AIM OF THE EXERCISE: Without including any pictures, give back all of the data exactly.

THE DATA:
────

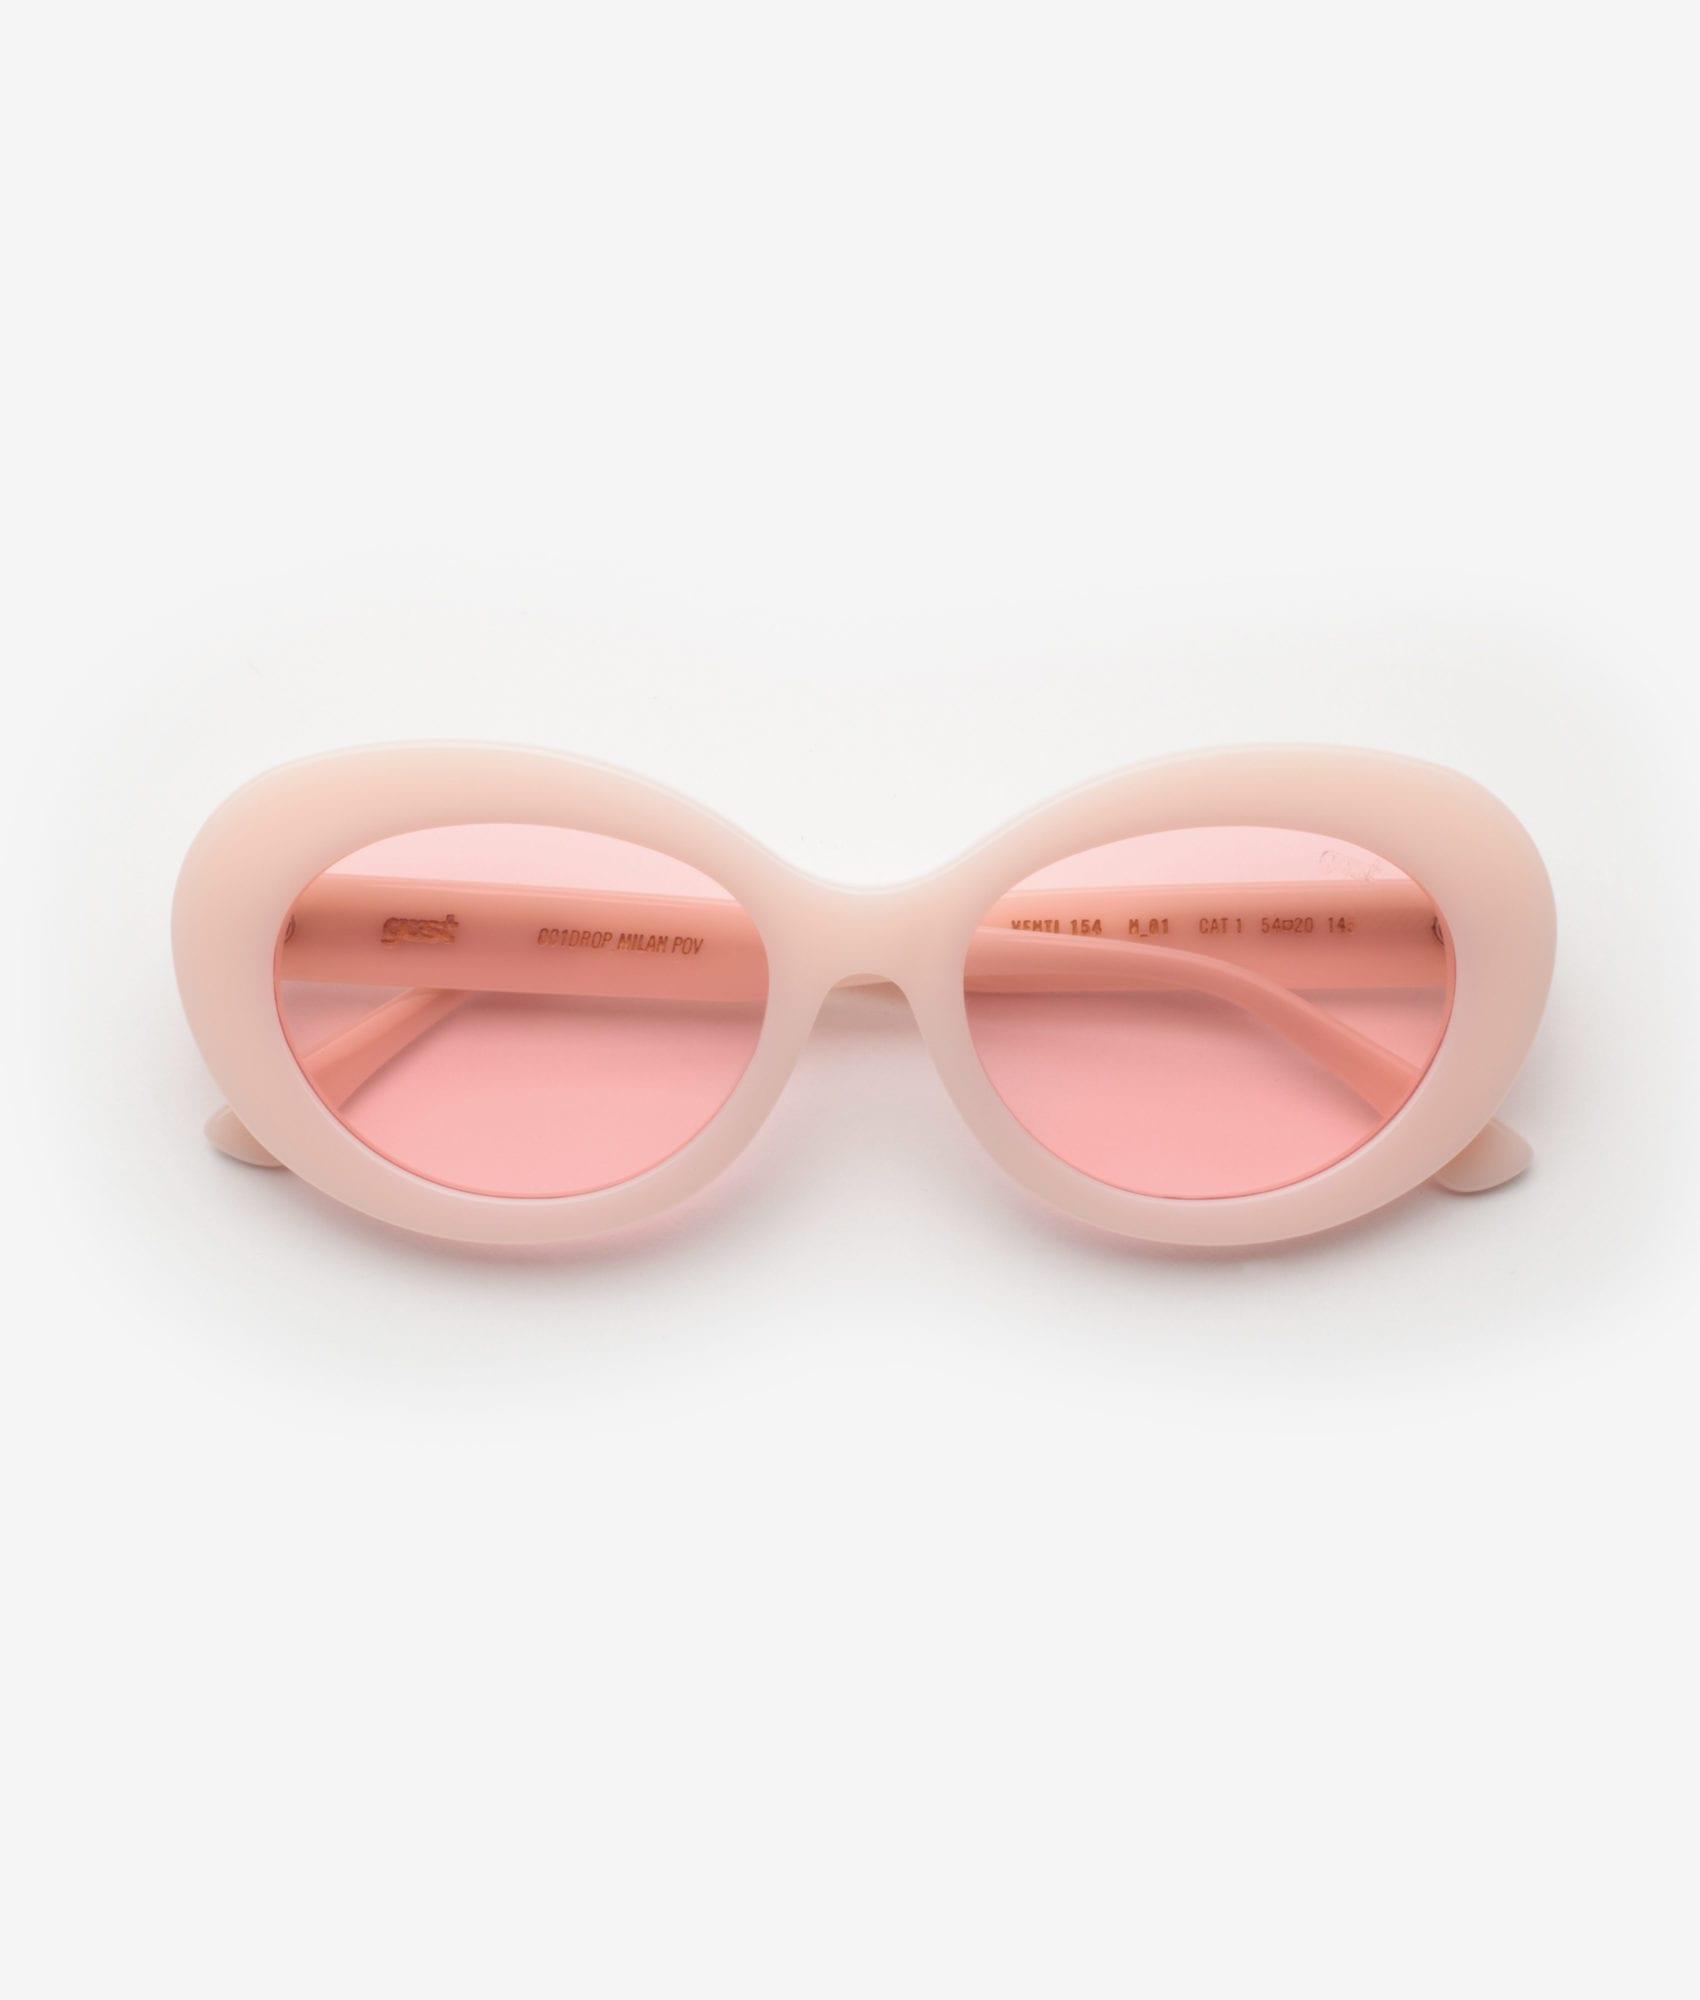 VENTI 154 Pink Gast Sunglasses
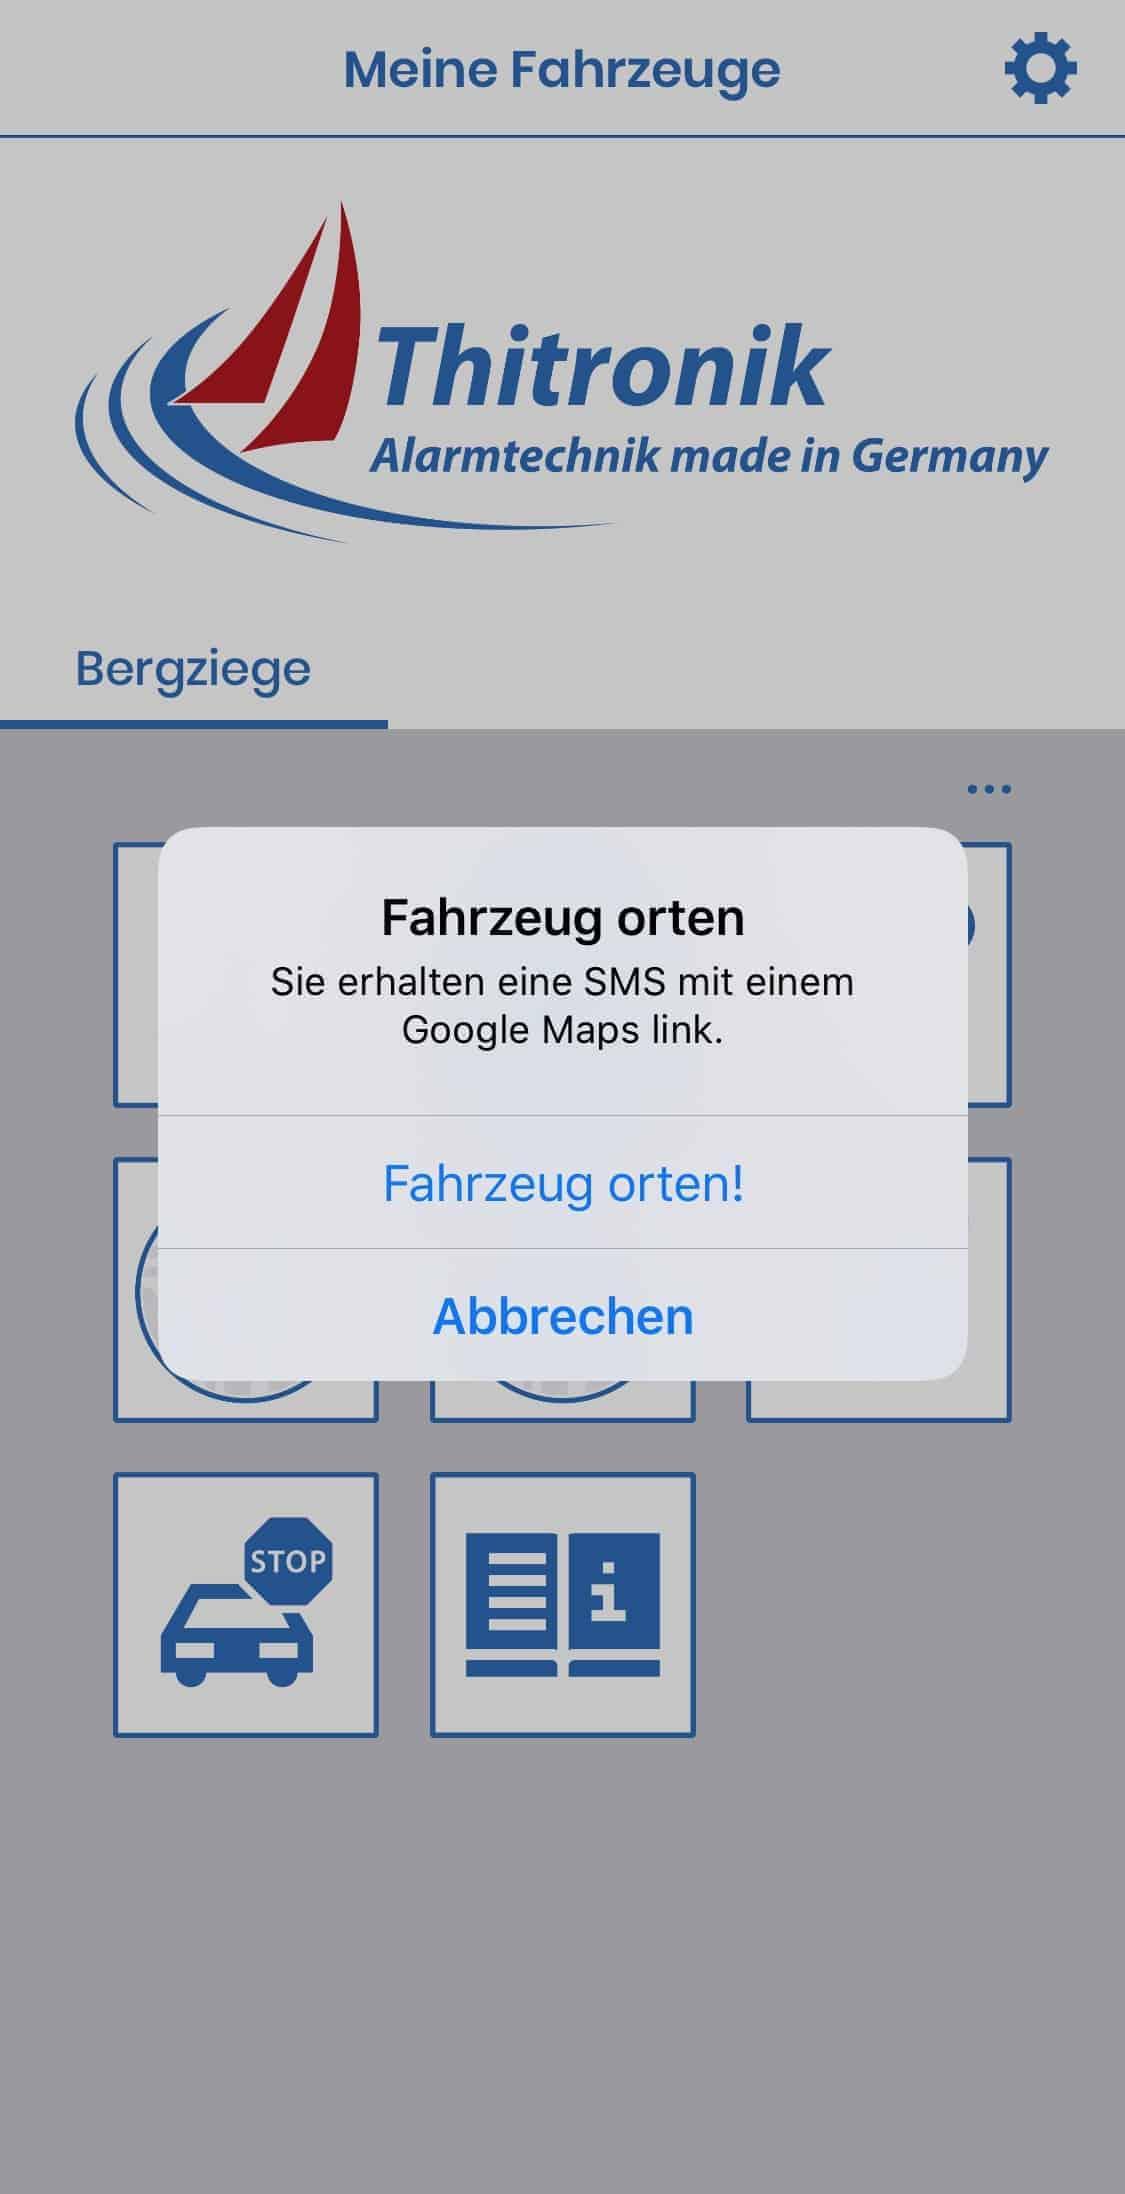 Thitronik_App_Fahrzeug_orten
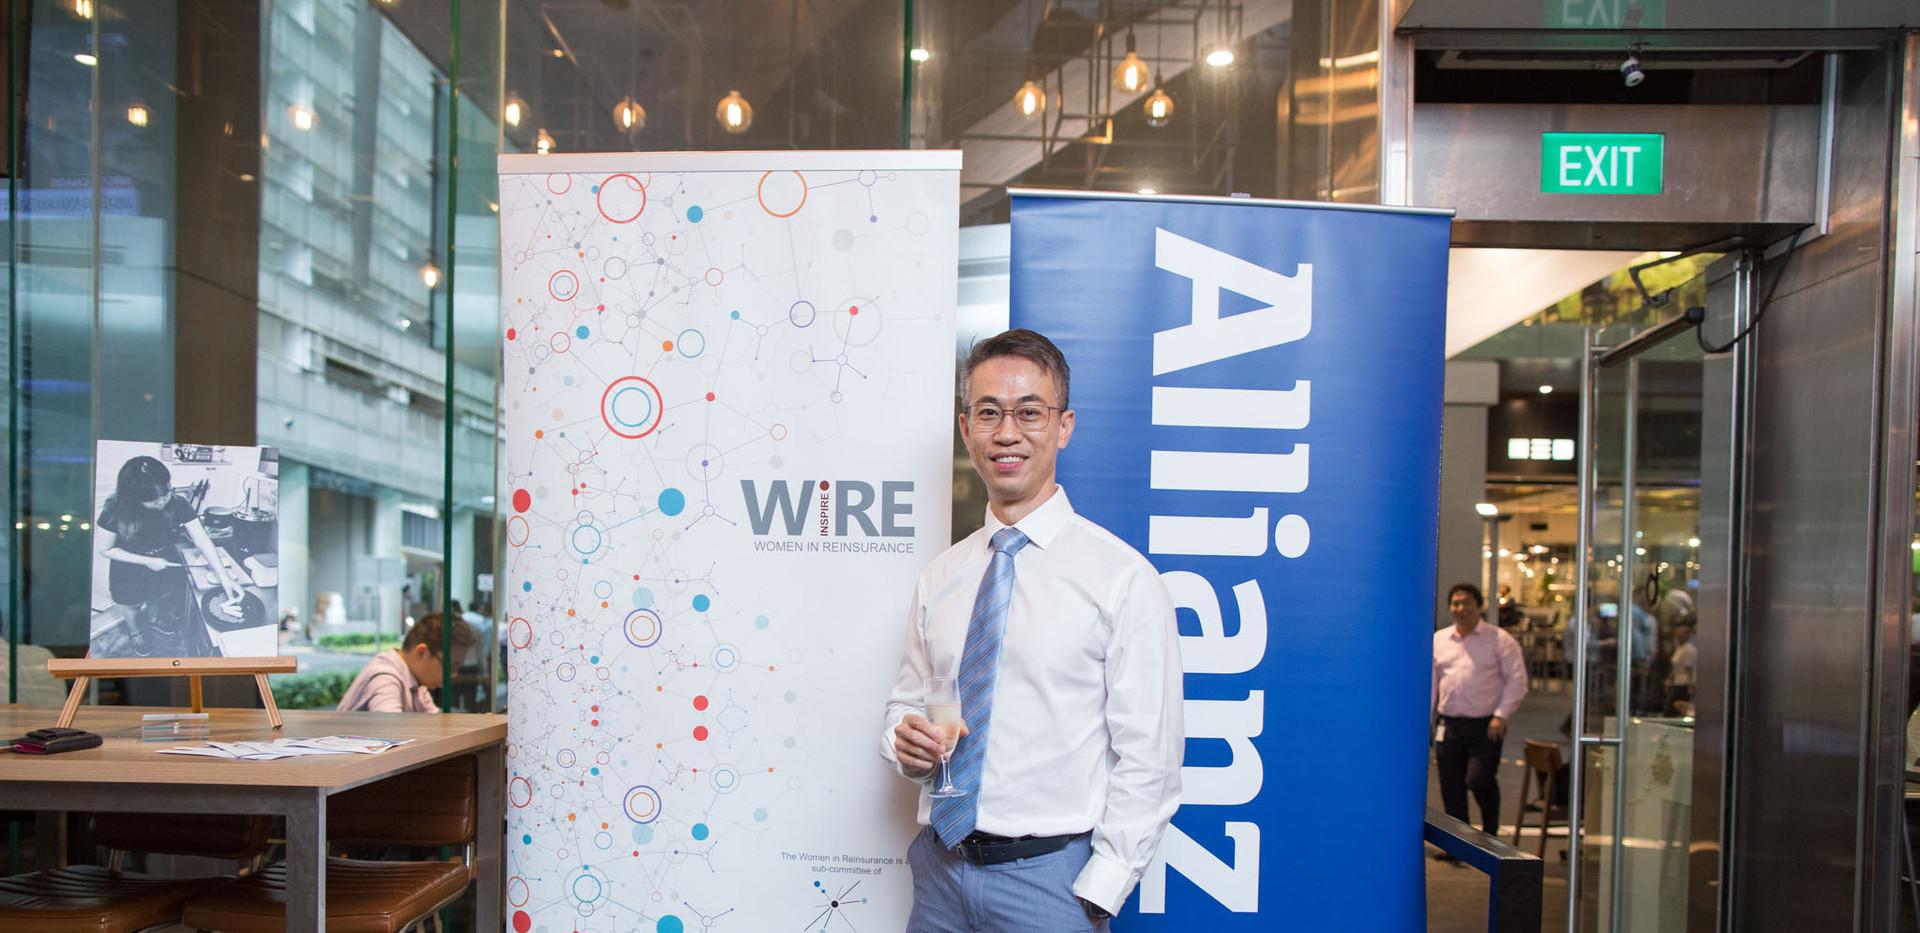 (11th Dec) WIRE & ALLIANZ - ART, Network
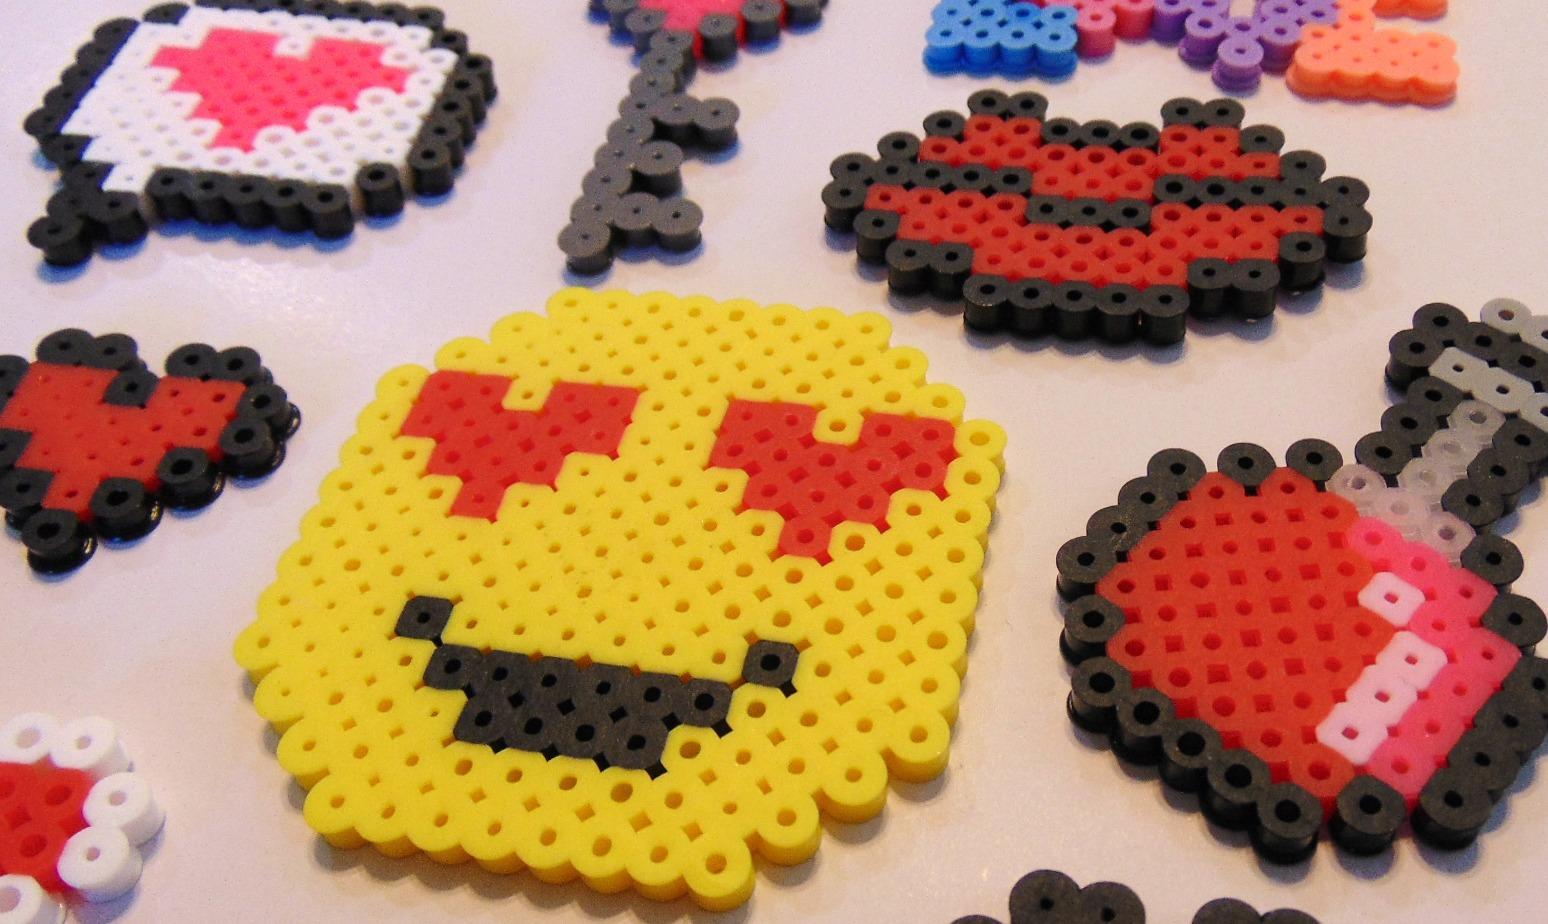 10 Easy Valentine Perler Bead Patterns Krysanthe,How To Design A Database

────

OUTPUT FOR THIS EXERCISE:
 VENTI 154 Pink Gast Sunglasses
 Thitronik_App_Fahrzeug_orten
 (11th Dec) WIRE & ALLIANZ - ART, Network
 10 Easy Valentine Perler Bead Patterns Krysanthe,How To Design A Database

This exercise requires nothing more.